Outrage is an indulgence
January 14, 2022 12:18 PM   Subscribe

... however much you may wish he would go away, he isn’t going to. His Brexit moment might have passed. But the future probably still belongs to people like him. And it remains as important as ever to try to understand what the other side thinks.

Single Link The Guardian longread on "the most interesting writer about politics in Britain today" ... Dominic Cummings
posted by protorp (19 comments total) 4 users marked this as a favorite
 
I've deliberately kept context away from this post to highlight the sheer cognitive dissonance I felt when the article popped up in my feed. If you need some backstory start here.
posted by protorp at 12:25 PM on January 14, 2022


First let me say that I enjoy Runciman’s Talking Politics podcast, as well as his essays, generally.

There’s a *lot* of weird in this article, but one odd thing that stands out to me is that Runciman seems to have bought wholesale into Cummings’ view of Lee Kuan Yew.

Now, I’m not an expert on Singapore history, but if Lee Kuan Yew had one defining quality, it’s that he was better at office politics than anyone else around him.

And if Dominic Cummings has one defining flaw, it’s that he can’t get along with people he works with.

Like most experts, Dominic Cummings is good at the thing he’s an expert in, namely running political campaigns, but like a certain type of expert, he thinks his expertise transfers to any area of life that interests him.

It doesn’t.
posted by Kattullus at 1:09 PM on January 14, 2022 [12 favorites]


if Dominic Cummings has one defining flaw.

Defining Cummings by a single flaw is like try to judge the Koh-i-Noor by a single facet.
posted by howfar at 1:34 PM on January 14, 2022 [29 favorites]

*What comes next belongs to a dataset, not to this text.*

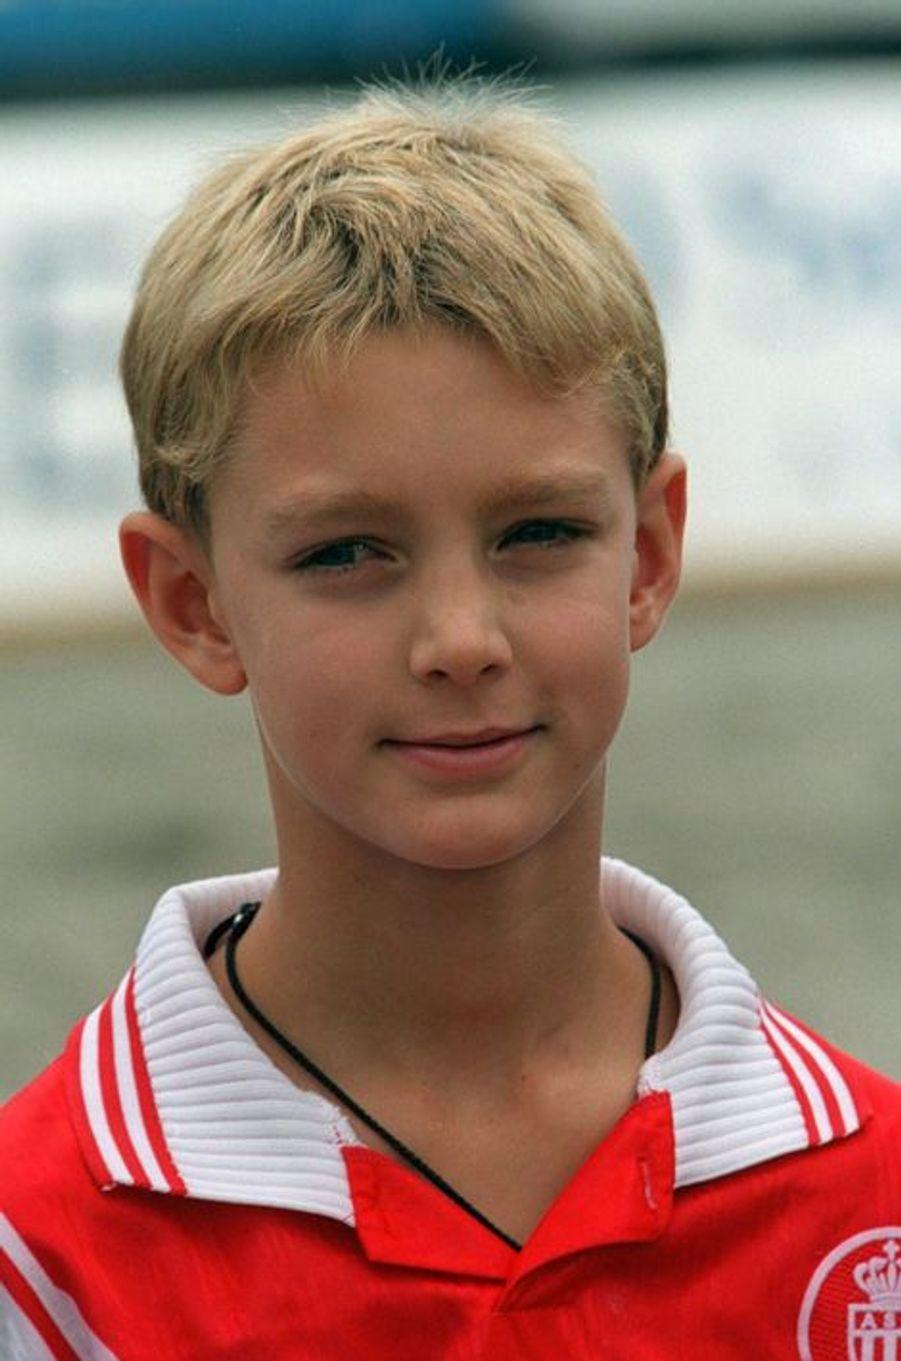 Pierre, à peine âgé de 9 ans, est déjà un grand passionné de football. 1998

The paragraph where it talks about how Cummings likes the SSC guy, Yglesias, and Andrew Sullivan, among others, had me reeling and laughing. OF COURSE. It's like a list of people we'd be better off if they fell into a wood chipper.
posted by fleacircus at 1:35 PM on January 14, 2022 [12 favorites]

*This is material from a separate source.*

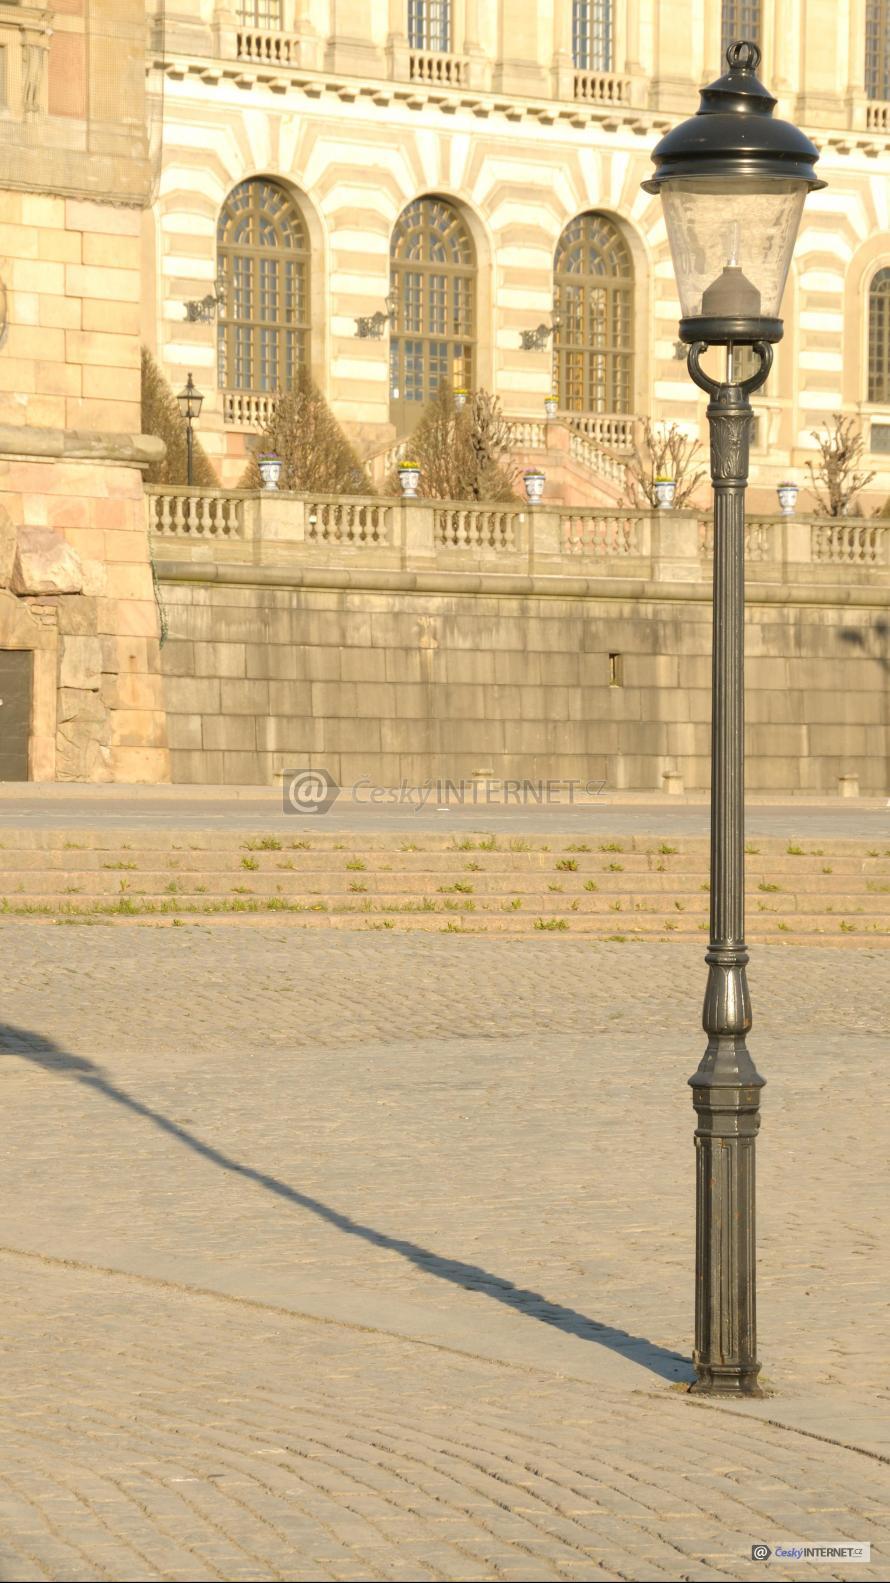 Lampa na chodníku před historickou stavbou, kamenná dlažba.

Under current editorship The Guardian has now moved well to the right of Tony Blair—and shows no signs of stopping there.

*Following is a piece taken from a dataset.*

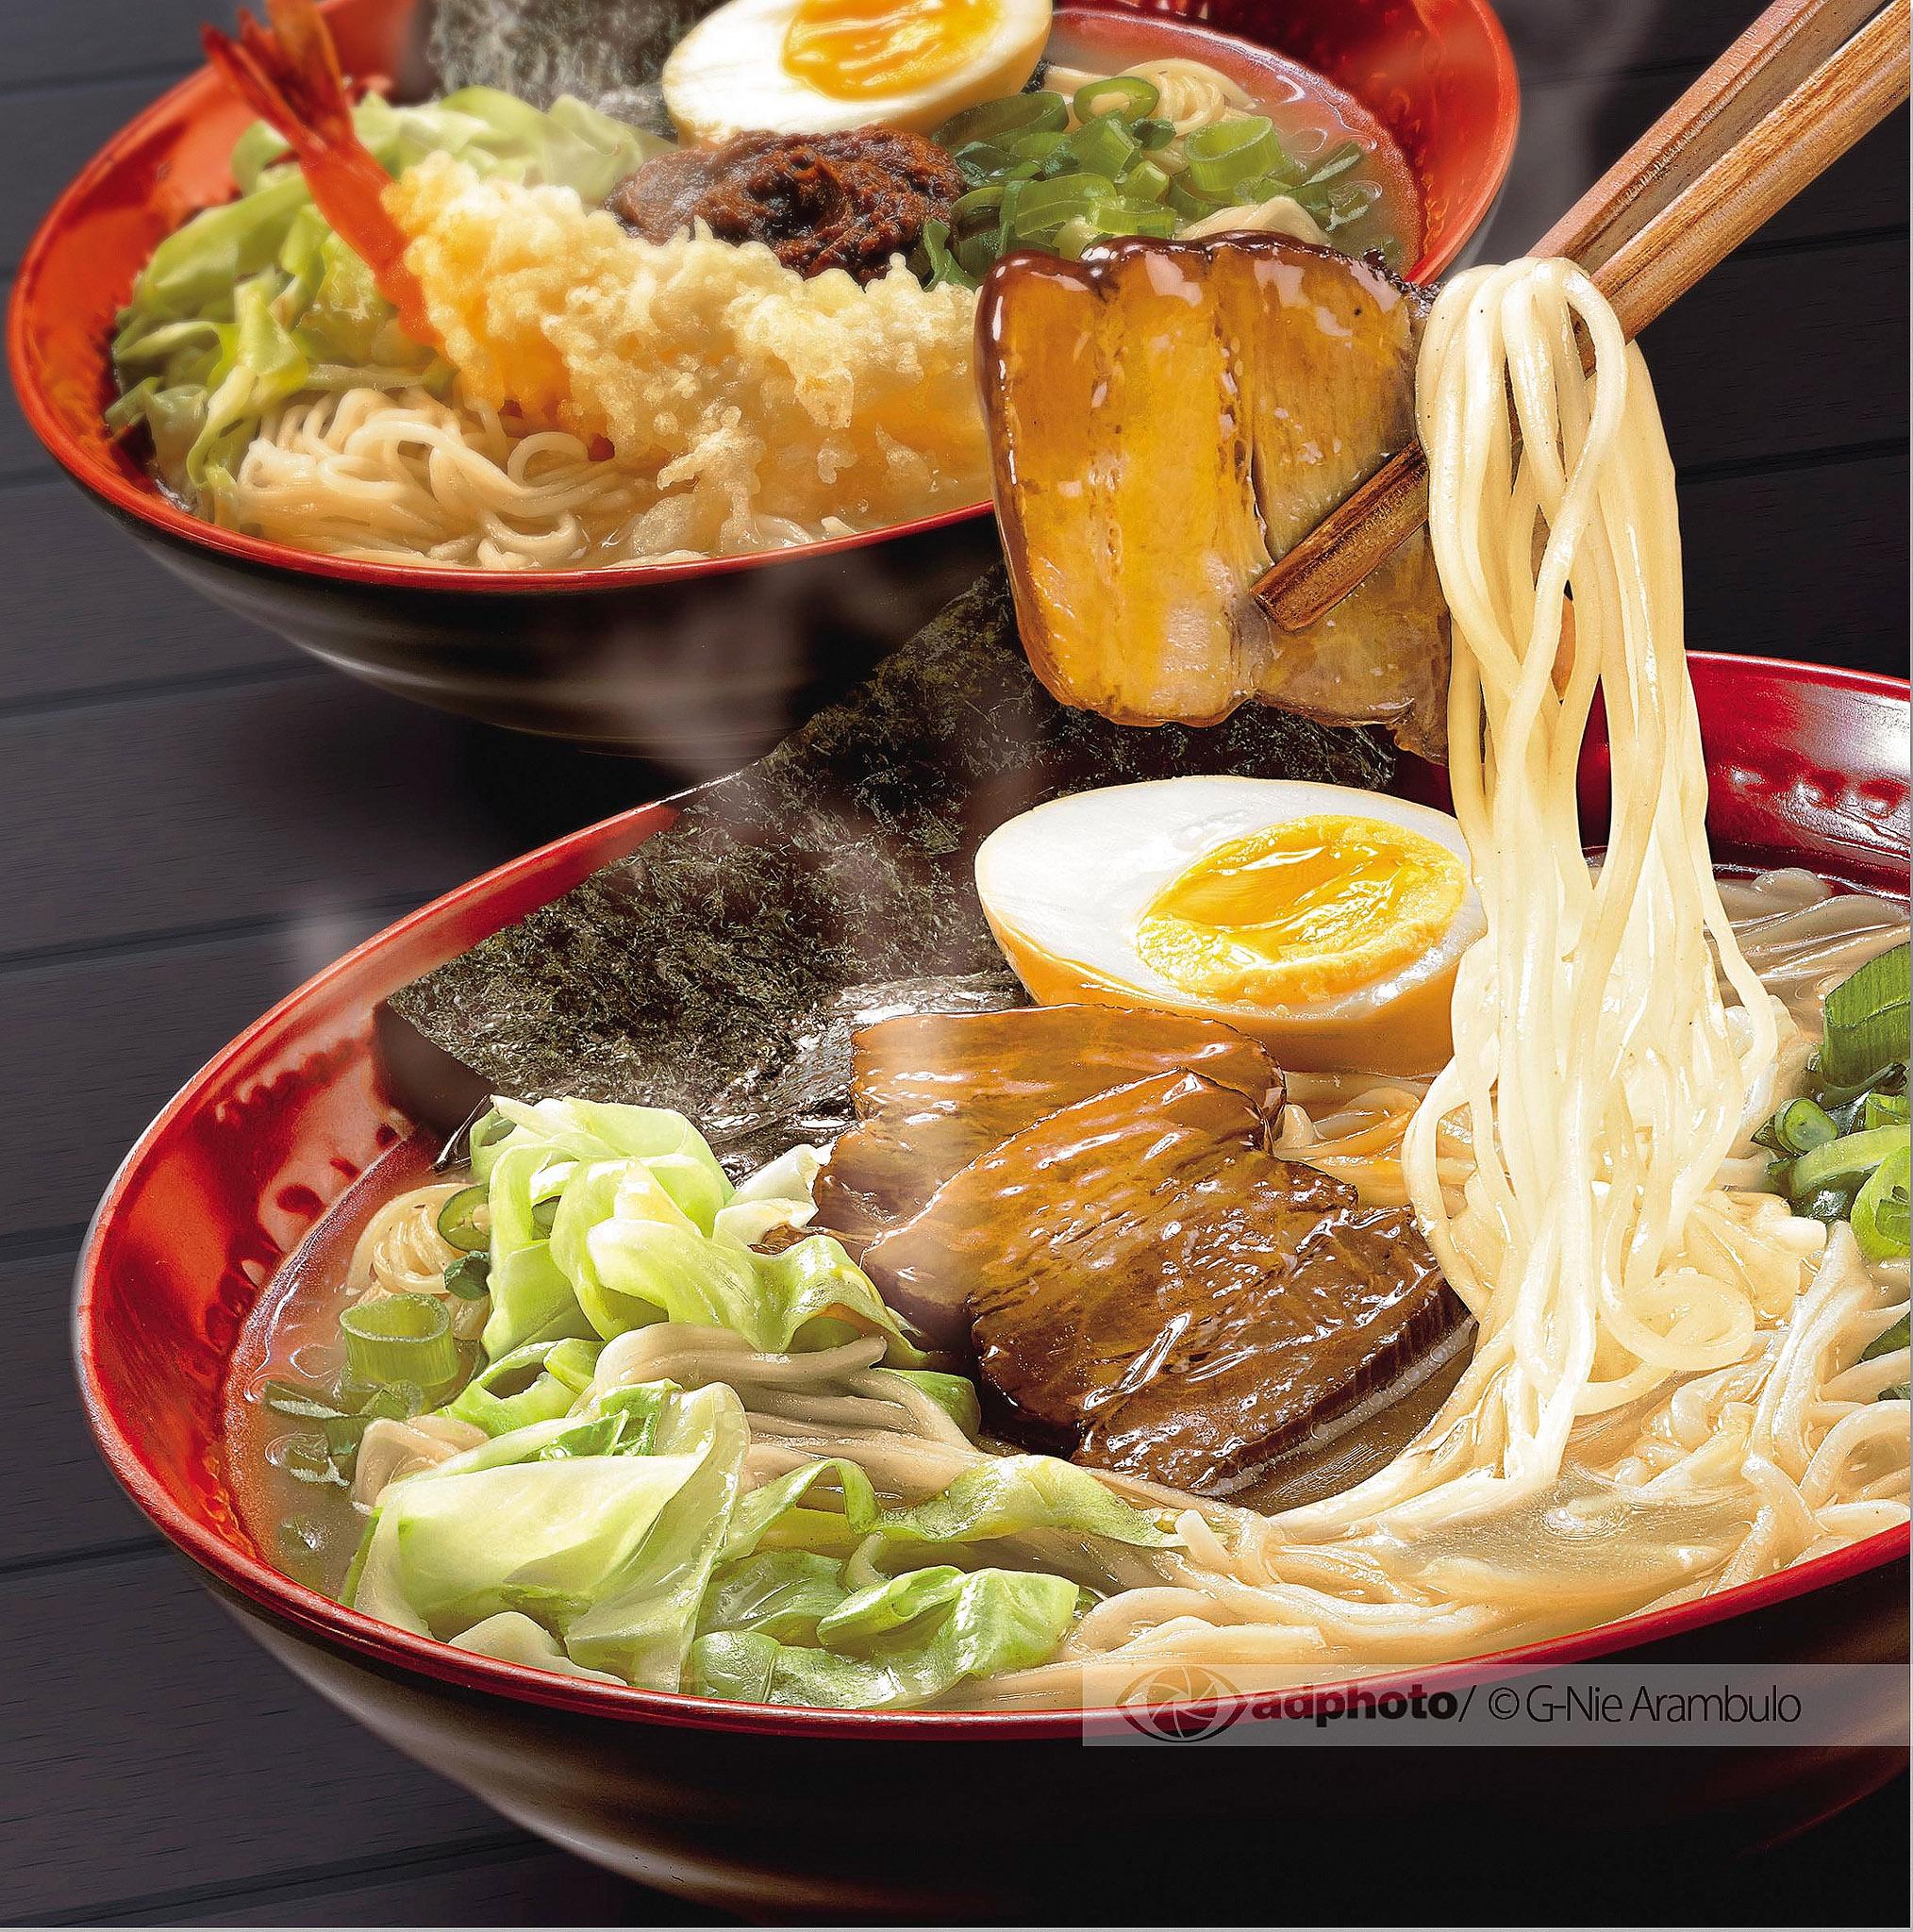 Food_G-Nie Arambulo_3.jpg

Though if wanted to try to use their own favorite editorial dodge I suppose I ought to have come up with a way of disguising that observation as a question
posted by jamjam at 1:36 PM on January 14, 2022 [9 favorites]


Like most experts, Dominic Cummings is good at the thing he’s an expert in, namely running political campaigns, but like a certain type of expert, he thinks his expertise transfers to any area of life that interests him.

Highly illegal political campaigns it should be added. The UK Tories ran roughshod over all kinds of campaign laws and got away with it. So his expertise is really more criminal than political.
posted by srboisvert at 2:31 PM on January 14, 2022 [11 favorites]


I have previously read some of Dominic Cummings blog. I would not pay money to read his stuff, it's really, really rambling and inane as well as having nuggets of interesting well-formed ideas. He is sexist without noticing it, which is infuriating. He fetishises maths, engineering and science in a way that I've only really seen a humanities graduate do. His views on the civil service reflect an assumption about what government is for that he doesn't acknowledge and also that I disagree with. He is clearest when talking about the need to tear things down, but his clarity, logic and arguments are shoddy when talking about what you might build up instead. Even if his ideas work, I don't think I want to live in the world they would create. Fundamentally, he appears to be good at running a political campaign, but there's no evidence he can do anything else.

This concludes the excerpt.